On that same global tip, the Knitting Factory has reissued the entire catalog of the late great Afrobeat pioneer Fela Kuti, whose music over the past several years has experienced something of a renaissance.

But hey, CDs are expensive, and iTunes isn't much better. If you're one of the countless gift-giving music freaks who find themselves on the wrong end of the employment totem pole lately, then the world of free downloading is something of a godsend.

Celebrating the 10th anniversary of their iconic Let's Get Free, dead prez released their Revolutionary But Gangsta Grillz this past June on their Web site for the tidy sum of nothing. Same with up-and-comers of the Chicago hip-hop scene BBU, whose Fear of a Clear Channel Planet is finding its way onto plenty "Best of 2010" lists, including mine.

Of course, there's always the option of just making a mix CD with any combination of these artists on it.
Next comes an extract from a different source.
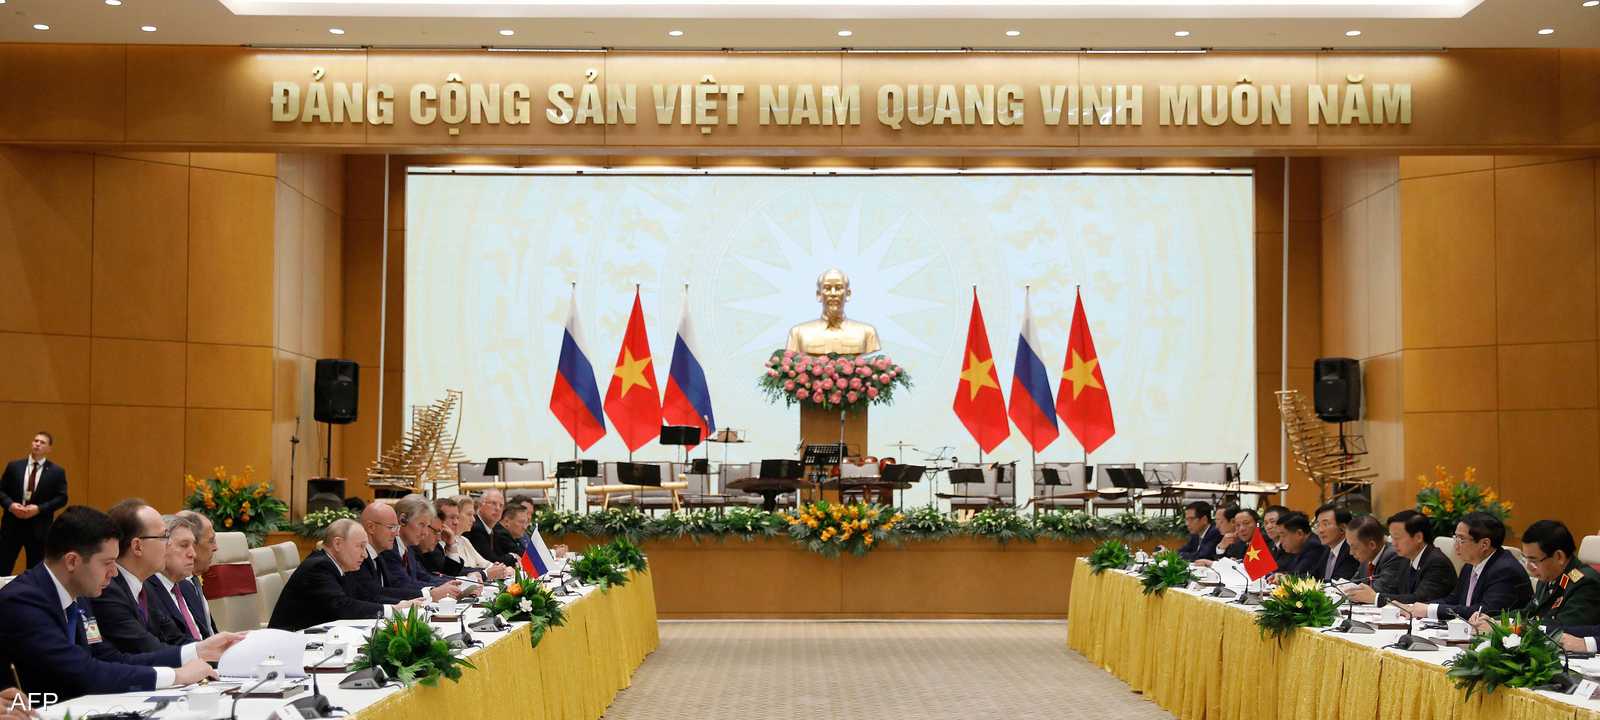 الرئيس الروسي في اجتماع مع رئيس الوزراء الفيتنامي

With a little help from YouTube and Vidtomp3.com, anything is possible...not that I endorse music piracy (wink-wink-nudge-nudge).


Eric Ruder

HOLIDAY PICKS need to be fun. So here are mine.

First off, you may have seen publicity for the new Showtime series Shameless, starring William H. Macy, but you may not know that it's a remake of a wildly successful British series by the same name set in Manchester, England. The British Shameless is now in its eighth season, and seasons 1 through 7 are available on DVD. The hilarious and heartbreaking stories of life in a Manchester housing project are so much fun--and then there's the succulent Mancunian accent!

Next on my list are two selections from the wonderful genre pioneered by the late great Howard Zinn: A People's History of American Empire by Howard Zinn, Mike Konopacki and Paul Buhle and Celebrate People's History! The Poster Book of Resistance and Revolution edited by Josh MacPhee.

The first is a history of U.S. imperialism told in the form of a graphic novel that begins with the conquest of the Native Americans and carries all the way through the U.S. war in Vietnam, Reagan's covert war in Central America and the Iran-Contra scandal. The second is a collection of beautiful posters from around the world that are like a graphic time capsule of international rebellion.

Finally, pardon my shameless (get it?) promotion of a book by one of our very own SocialistWorker.org columnists: Bad Sports: How Owners Are Ruining the Games We Love by Dave Zirin. In this age of budget deficits and austerity measures, it's worth getting outraged at the way America's sports barons have used public money to build stadiums so they could turn around and charge us obscene sums for tickets to our favorite teams.